People of all races are affected by keloids even though some previous studies demonstrated that keloids
disproportionately occur in specific groups of patients. However, limited studies show that younger patients are
more prone to keloid formation (4). Evidence in India among 1000 patients showed that patients aged 10-30 years
are more affected (4) while another study reported among 120 patients in Nigeria found that young adults are
primarily affected (4). Various studies on keloid prevalence vary according to different countries, with estimates
of 0.09% in England (4), 8.5% in Kenya (4), 0.1% in Japan (4), and 16% in Zaire (4). However, Nigeria reported
an estimated incidence of 1.5 million in 2017 and about 36% of the figure accounted for by familial cases (5).
Evidence from 402 patients living in Ghana, Australia, Canada, and England found that the prevalence of keloids
was higher in the Ghanaian population. Another study reported a high rate of keloids in Chinese descent patients
among 175 patients of Malaysian, Indian, or Chinese descent. A UK-based heterogeneous cohort study examined
excessive scarring among 972 patients which reported prevalence rates of 1.1%, 2.4%, and 0.4% for Asian, Black,
and White patients, respectively (4).
Evidence has shown that surgical excision is the most common therapeutic method. However, there is still a high
recurrence rate of 50% within a year (6). Recently, postoperative adjuvant radiation therapy (RT) has been an
effective method in decreasing the rate of keloid recurrence, especially brachytherapy (6). A randomized trial
showed that patients undergoing surgery and adjuvant radiotherapy had less recurrence than patients undergoing
cryotherapy and intralesional steroid injection and even a better safety profile (7). Previous studies showed that
high-energy electron radiotherapy could provide a better dose distribution than kilovoltage X-rays for controlling
keloids (7). Studies have explored different radiotherapy modalities, doses, and fractionation schedules to optimize
outcomes. For example, electron beam radiation therapy (EBRT) using a dose of 10Gy fractioned for two days
can effectively treat keloid earlobes, and 20Gy fractioned over four days should treat the chest, scapular region,
and suprapubic region (8). Other studies reported a higher dose of 15Gy for earlobes keloids and cartilaginous
part of the auricle keloids with minimal recurrence rates (8).

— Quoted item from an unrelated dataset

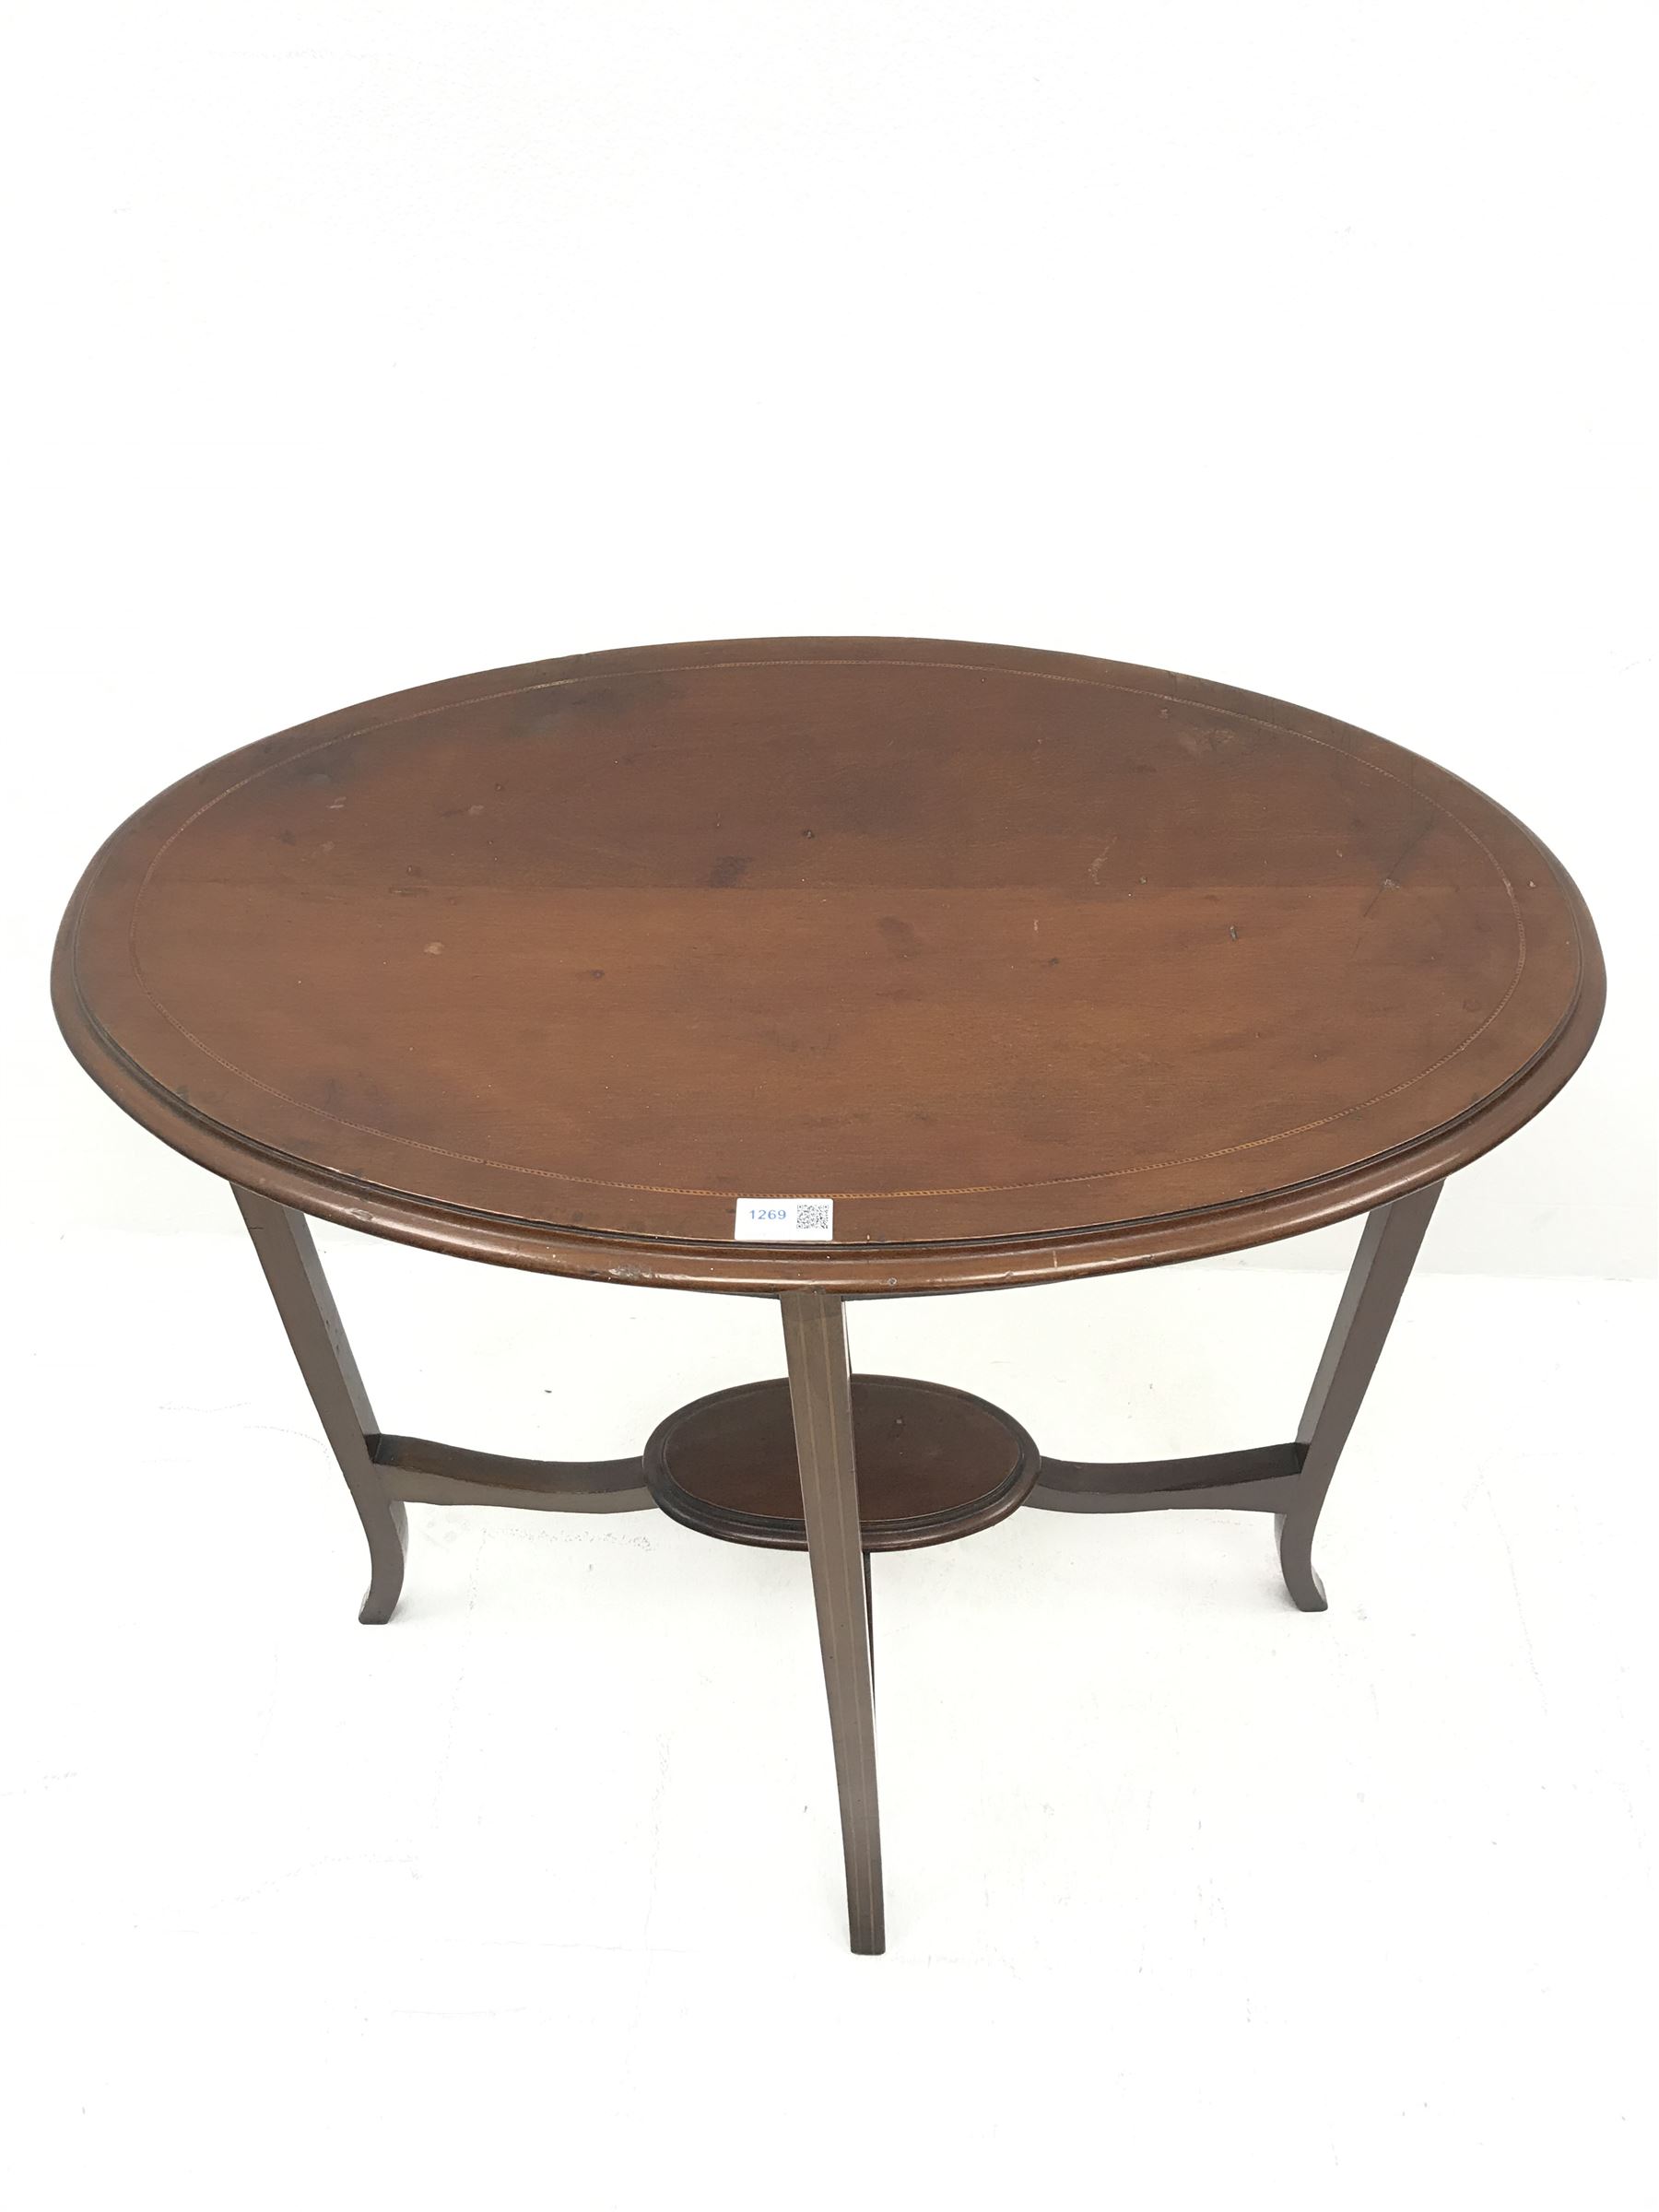 Edwardian inlaid mahogany oval occasional table - Image 2 of 3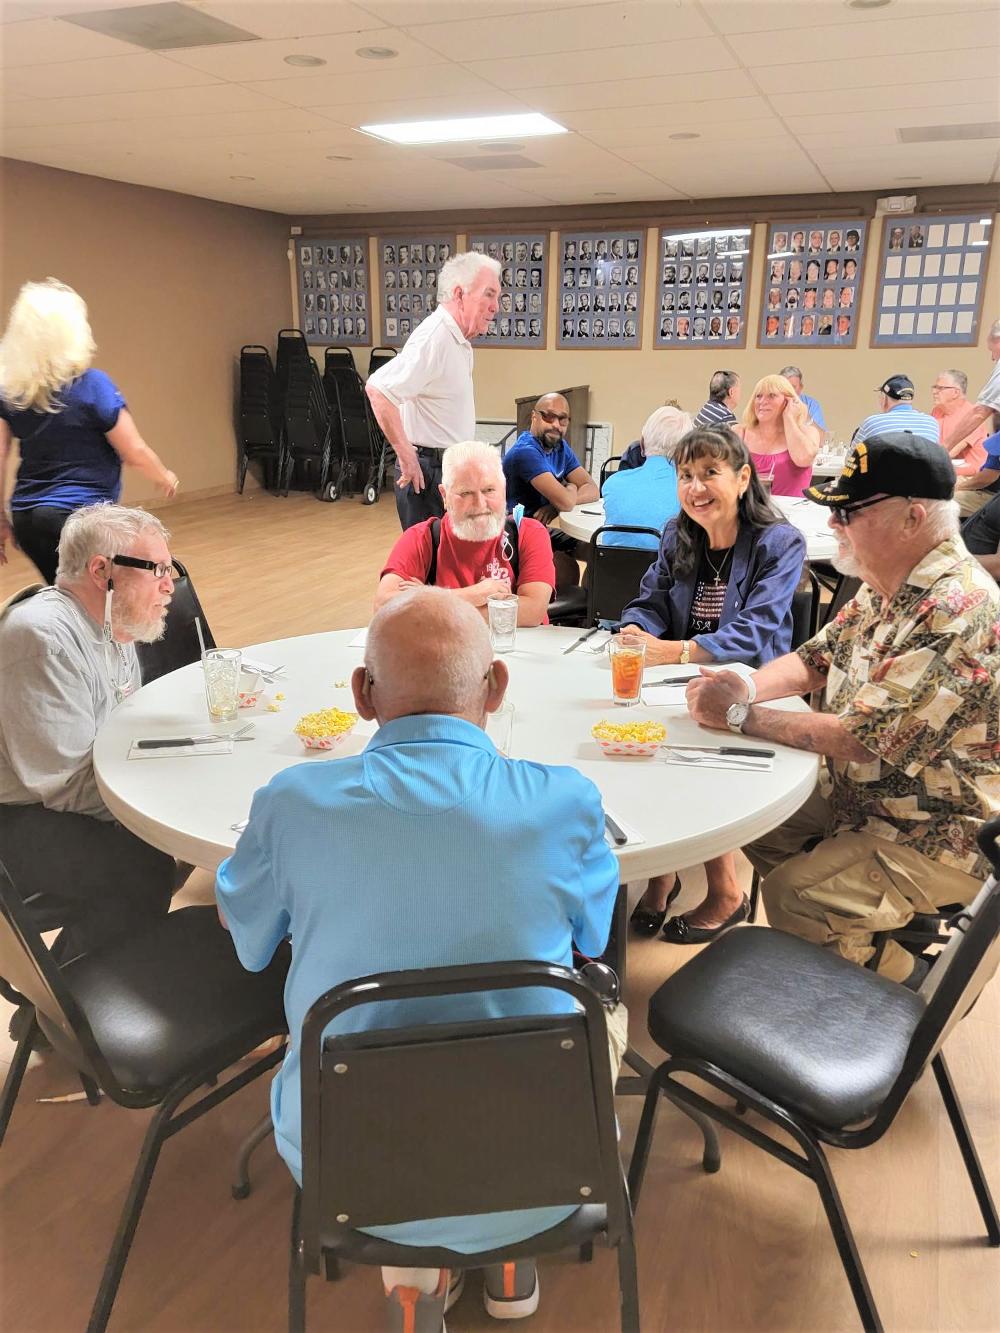 On May 25th, 2022, the Tucson AZ Elks Lodge #385 had 17 veterans arrive from the Tucson VA Blind Rehab Center for an amazing dinner of Country Fried Steak, mash potatoes, chocolate cake brownies for dessert. 

In photo at table and standing are members M. Megerle, W. Thompson and L. Ruiz

Despite the effectiveness of radiation therapy for keloid treatment, there is still a paucity of robust data from sub-
Saharan Africa. Few single institutional studies have reported using low-dose RT protocols and recurrence rates
(2). This gap in the literature is particularly observable given the high prevalence of keloid-prone individuals in
this region, such as one conducted in Ibadan, which reported 14.5% recurrence rates among 175 cases with
postoperative RT (9). This five-year retrospective study aims to evaluate the pattern and clinical documentation
of keloid cases treated with radiation therapy in this region.
This study will contribute to the existing body of knowledge and also shape policy decision-making and evidence-
based practice on keloid management in the sub-Saharan context.
METHODOLOGY
The Nigeria Sovereign Investment Authority-Lagos University Teaching Hospital Cancer Center (NSIA-LUTH
Cancer Centre or NLCC) is a specialist cancer treatment facility, the seat of the medical and radiation oncology
department of the teaching hospital. The center provides modern systemic and advanced conformal radiation
therapy services in affiliation with in-hospital surgical services. NLCC is host to Nigeria's largest oncology
workforce in a single center, equipped with 3 Linear Accelerators, modern radiotherapy treatment planning
systems, and the only three-dimensional, high-dose-rate brachytherapy facility in the country, making it the
bestequipped radiation oncology center in the sub-region Africa outside of South Africa. The center’s 10
consultant oncologists all sub-specialized in different cancer sites lead a larger team of medical and radiation
physicists, radiation therapists, oncology nurses, and more. Surgical oncology has been established in the Lagos
University Teaching Hospital for decades with a recent ramping up of surgical oncology investment underway.
This retrospective study utilized data from both physical and electronic medical records at the NSIA-LUTH Cancer
Centre, covering the period from May 2019 to January 2025. A total of 100 patients diagnosed with keloids during
this time were reviewed. 73 keloid patients identified during the study period received radiotherapy (RT). The
diagnosis was based on clinical history and physical examination, while cases managed with surgical excision
were confirmed histologically. Data collected included patient age, gender, ethnicity, body mass index (BMI),
family history of keloids, comorbidities, site of affectation, recurrence, cause of keloid formation, disease duration,
surgical intervention, previous treatments received, and radiation therapy modalities.